I am a fourth generation photographer in Texas and have recently disseminated my family’s 125-year archive to five different state, national and international institutions. The collection is made up of photographs, cameras artifacts, letters and diaries from four Byrd’s and will be predominantly housed by University of North Texas Special Collections. Smaller editions of photographs from all generations with smaller editions going to Museum of Fine Arts Houston, University of Texas Arlington, University of Texas Austin-Harry Ransom Center, Briscoe Center for American History, Stadtmuseum Simeonstift Trier of Trier Germany, and Kunstlerhaus Schloss Balmoral in Bad Ems Germany.
My work has one toe in archaeology, one toe in anthropology and one toe in ART. Archeologists have discovered similar records in the form of clay tablets going back to the 2nd millennium BC. Many crucial fragments and clues have been lost because of the natural disinterest in one’s own foot prints. This type of artifact inventory is the only evidence posterity can possess on what is was to be sentient in our time. You can never fully get inside the mind of a deceased culture without this communication between the living and the dead. To be sure, this is my religion, my PROOF of life.
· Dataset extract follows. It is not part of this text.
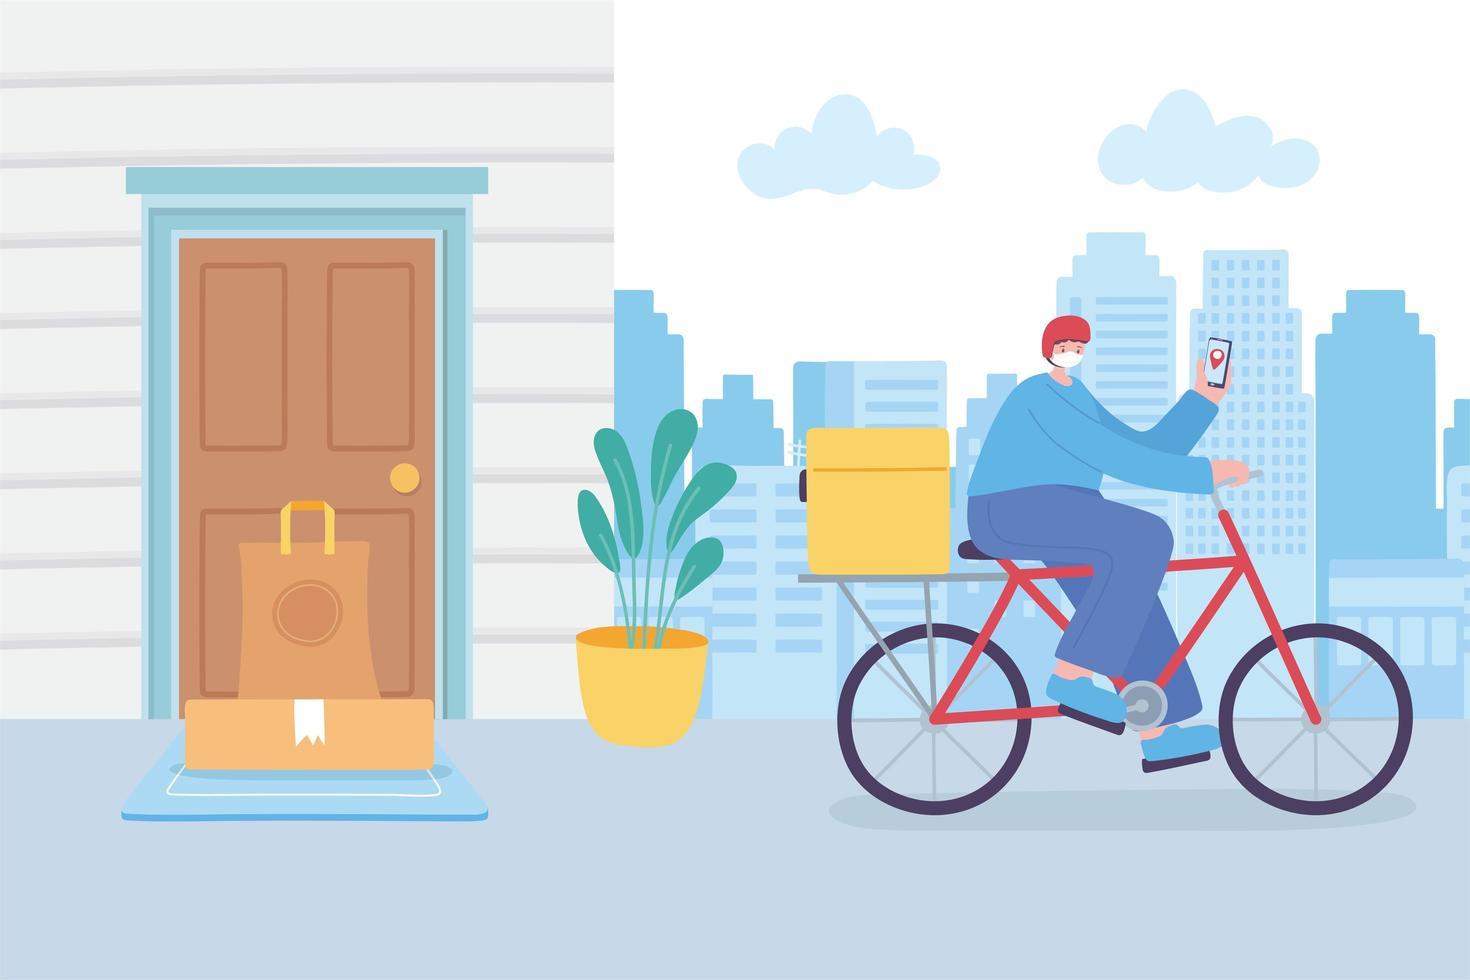 Online-Lieferservice mit Fahrradkurier vektor
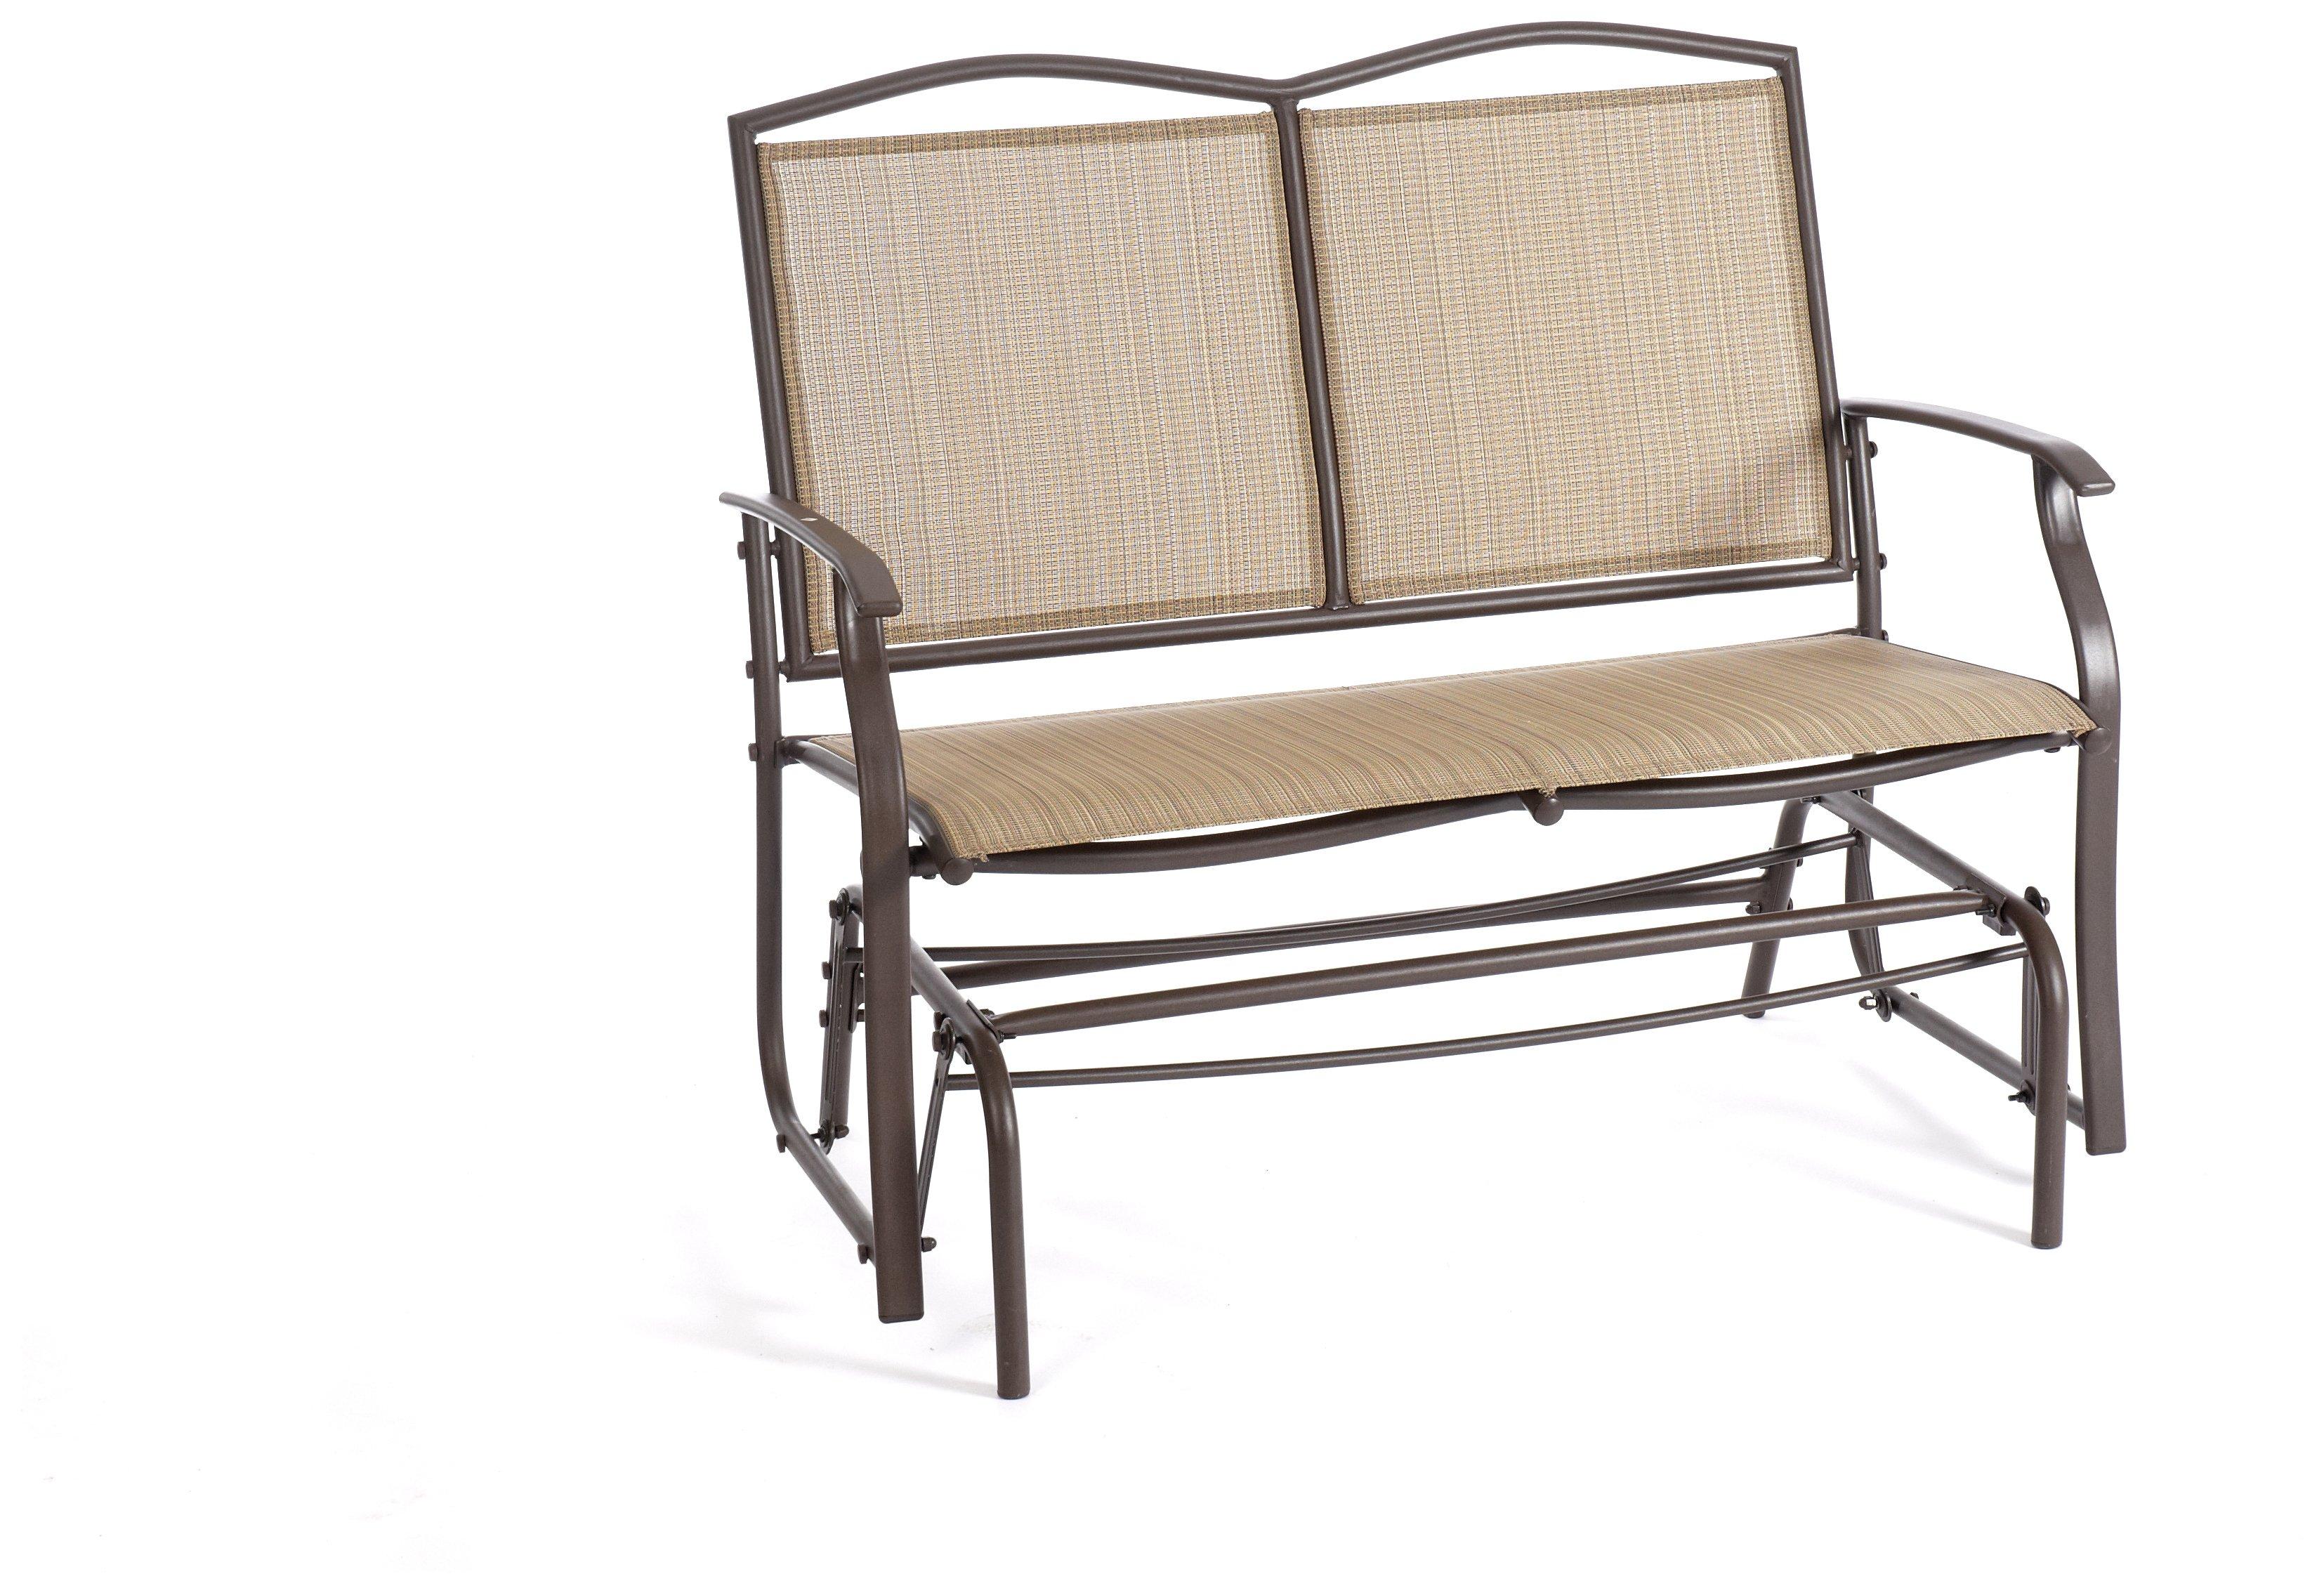 Argos Garden Bench: Buy Greenhurst 2 Seater Glider Bench At Argos.co.uk

We owe an explanation to all unborn people. Why did we do these things? What did we look like? What do we hold dear? In this spirit, posterity can make value judgments about our successes and failures and we will not have lived for nothing.
There is no past or future, they are merely thoughts that arise in the present. The act of photographing seems to me to be a rather pathetic attempt to put memories and anticipated future event into sticks and stones. We want to solidify the present in a way that makes the numinous appear real. It is silly if you think about it and to reduce the embarrassment of squandering time we have named them art and proclaim their value as cultural markers.
Going through a room of one’s life work is to consort with the dead. Dead people, dead birthdays, dead time. Is it the domain of posterities historians to decide whether the records that we all make of our living years holds informational or artistic value enough to assign it to evidence status rather than the trash heap.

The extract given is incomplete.